PALABRAS DE LIDIA
Después de haber sido amplificados por nuestra agitación, el roce de los cuerpos y las quejas contenidas por el espasmo o mordidas en el hombro de ella cesaron. El silencio se hizo más que evidente en la penumbra. Pero hubo una vibración en las sombras proyectadas en la pared, como si un portazo mudo hubiera conseguido hacer que se tambalease la lámpara sobre la mesilla de noche, a nuestras espaldas. Y el silencio duró todavía unos instantes. Y luego comenzó a contarme cómo había ocurrido para que llegáramos a estar allí, acostados sobre el lado derecho, encajados en posición fetal, mirando Lidia al rincón más oscuro y yo con los ojos fijos en su nuca.
Por la mañana no había pasado más de lo que pasaba casi todos los días. Media jornada de muecas en la cara de sus compañeros, en la oficina; cinco horas de conversaciones por episodios, como si tuvieran interés; una despedida lánguida, afectando cansancio por las tareas de rutina, cuando en realidad era que había pasado en vela toda la noche. Luego la comida en casa y la perspectiva de la tarde libre. Allí estaban los dos, a la mesa. Su marido se relamía, ella revisaba la cartelera en el periódico. Entonces, un acto reflejo: Lidia se limpió la comisura de los labios (pero no se había relamido) y oyó preguntar si le había gustado la carne. Contestó que sí, para luego detener los ojos en la jarra de agua.

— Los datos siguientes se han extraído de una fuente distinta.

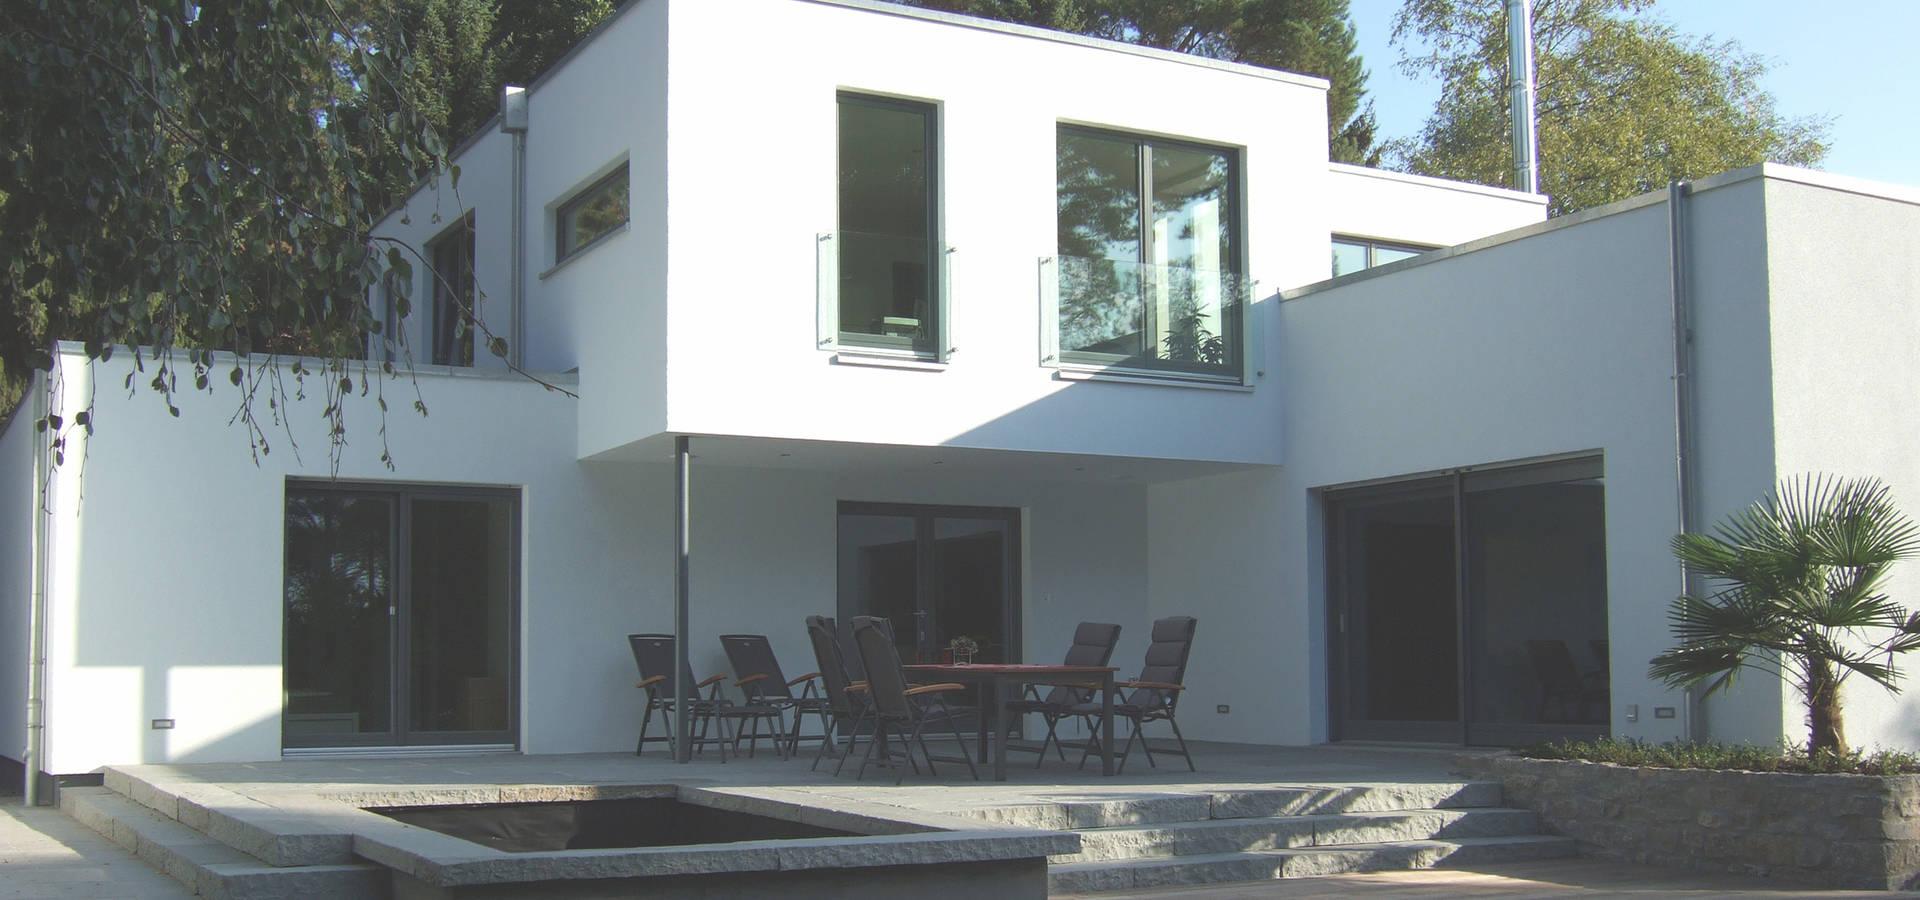 zymara und loitzenbauer architekten bda

Lidia tiene la piel blanca como el corazón de las almendras y los ojos de almendra tostada; su cara es el óvalo de una almendra. Sé lo que digo cuando me parece que la estoy viendo frente al plato, con la mirada fija en el vidrio, la simetría de su melena lacia, roja, una ceja más alta que la otra y el vago deseo de una naranja, aunque mejor definido que el pensamiento de poseer la tarde entera y no saber para qué.
—¿Has podido dormir esta noche? —continúa preguntando el marido.
—Psé. Pero da igual. Dormir en ese sillón es un absurdo, y además, cuando las enfermeras no entran y salen, las quejas se te clavan en el cerebro.
—Lo siento, cariño. ¿Y tu madre, cómo...?
—No importa... En fin, vamos a dejarlo. No quiero darle más vueltas. Es lo que tiene la vida, que al final te mueres. Punto.
—Ya... Oye, ¿qué película vas a ver?
—¿Qué? Ah, sí. Cualquiera que no me caliente la cabeza. ¿Qué recomiendas?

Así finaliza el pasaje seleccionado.